My impression was that one of the reasons why we have an in-memory Data Table is to create a source-agnostic data structure.
When I put my project through the debugger, I could not see any visible difference between the Data Table loaded from the Excel vs. the one that was created using the “Build Data Table” activity.
In other words, the Dynamic forms binding mechanism should treat all Data Tables the same when binding regardless of how that DataTable was created and render the form.
A few questions:
I see that we are defining static column mappings here. So does this make it static binding then? If the Excel is too wide, then the Form design becomes labor intensive.
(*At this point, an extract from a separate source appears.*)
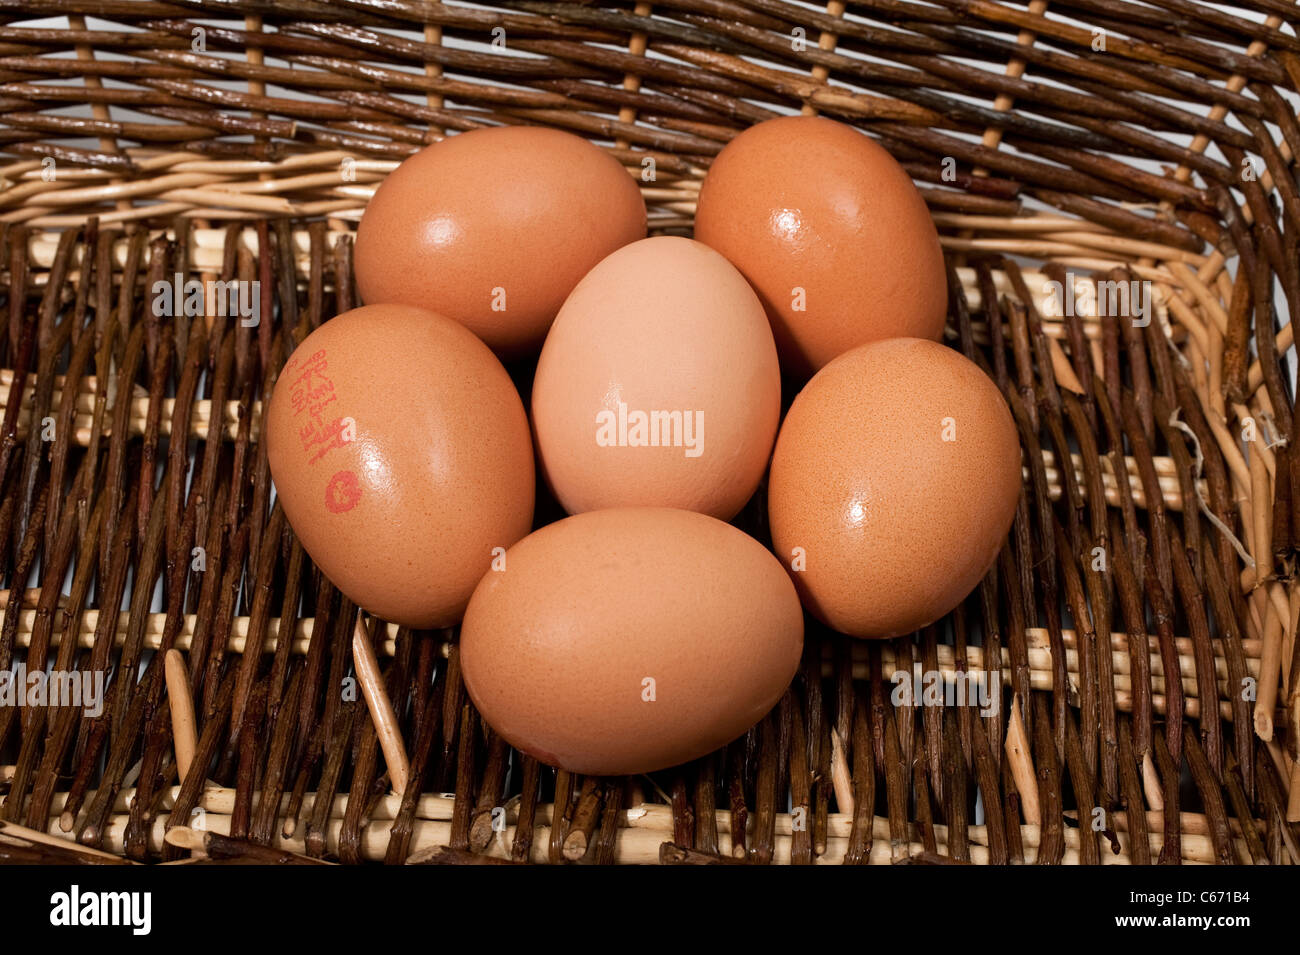 Six, half a dozen, hens eggs in a basket Stock Photo
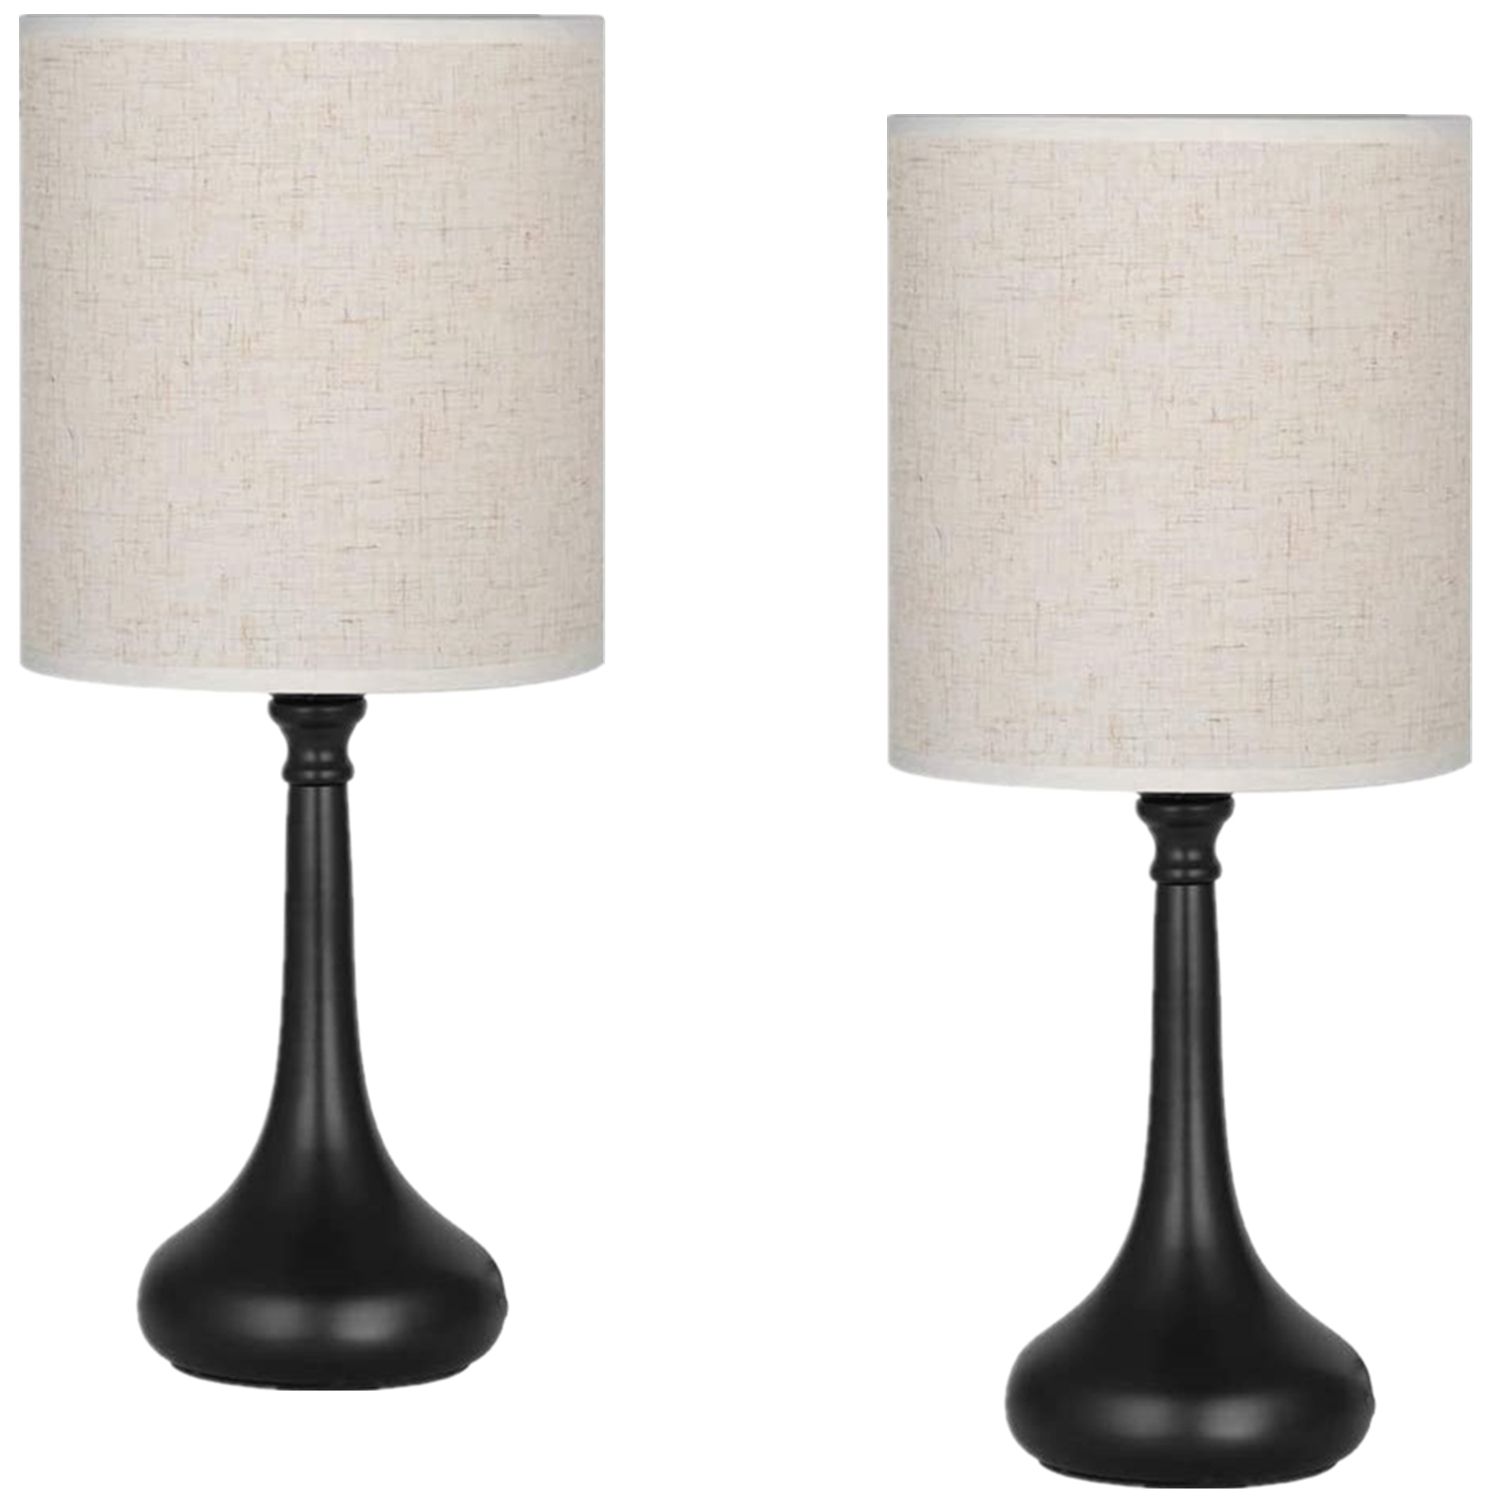 Set of 2 Black Modern Bedroom Nightstand Lamp by Oumilen | Walmart (US)

I have Excel sheets that run almost up to column “AJ”!
What happens if the business owners decide to change the format/design of the underlying Excel sheet? (I’m in the middle of an Attended Automation design and one of our Excel formats changed midway between two meetings!)
We are going through two levels of translation - Excel to Data Table, and then Data Table to JSON - how will this solution work in terms of high-volume performance (Example: 65000 records with 40 columns say?)
Thanks for posting the solution with such clarity!
Andy
Forms don’t consider how you create datatable. If you have datatable when you execute forms, it will render it.
Forms Datatable can be dynamic, Meaning you dont need to give column names during design time. But when you execute the workflow, while rendering the form we create runtime (dynamic) schema then we will show the form.
you can utilize realtime forms (DO Block) to change the data inside grid. But not the structure (I mean, column is fixed once it renders)
I gave this a shot on my end by installing the latest package. Don’t know what I’m missing, but this does not seem to work on my end. Here are the results:
Can you provide that sample workflow that describes your problem.?It looks interesting, I’ll try to check what is the difference between this workflow and the one that I have that works with reading Excel as DT.
@AndyMenon I don’t know if this is a probable Solution for the problem. But this indeed seems to be a problem. As I was analysing the workflow and the difference between Excel Datatable and the Build Datatable, One Sure Difference is the type of the Columns.
If you check the Type of Columns of the Datatable generated from a Read Range, the type would be a System.Object . But where as the type of Build Datatable Columns that you had used had all System.String
So the best thing to do was change the Column Type, but I was not sure of how to dynamically change the Columns of a Datatable that already has data.
Hence I Created a New Datatable. Dynamically added the Columns from the Read Range Datatable to the new Datatable with the type as String.
Then Imported all the Rows from the Excel Datatable to the new Datatable. In this way I could get the Values to appear in the Form.
Not sure If you were expecting a different kind of answer. But this is what i got. There might be more to dig up to get an answer for the types of Columns other than String
Yes, this is the issue. We are translating between two DataTables just to make it acceptable to the Form. All of this has to happen before the form loads. So performance is sure to take a hit in case of large worksheets.
Thanks, I will keep your suggestion in mind. That said, I don’t create these Excel documents. They are created by business groups for whom we need to automate processes. Asking these groups to simply change their Excel format may not be a possibility all the time as these documents may be inputs to, or outputs from other processes.
For example, I receive an Excel downloaded from a CRM application. Using this input file, I have to generate an output Excel that has to be in a certain format to be accepted by a Cloud SaaS application. In both cases, we don’t have a say in changing the formats of the reports we work with.
We have to factor in these real world conditions. But I do agree that if we are building something from scratch we will have some say in how these input/output structures need to be defined.
We looked into it a bit more. Basically, the culprit here is the Read Range activity, which loads the DataTable with columns of type Object, which in turn is not supported.
Therefore, the solution here is to process the loaded data table variable to another one that has primitive column types.
This way you will be able to dynamically load as many columns as you want.
EDIT
Another potential workaround I found is to convert the source file to a CSV file. When I loaded a sample file using the Read CSV activity, it worked properly.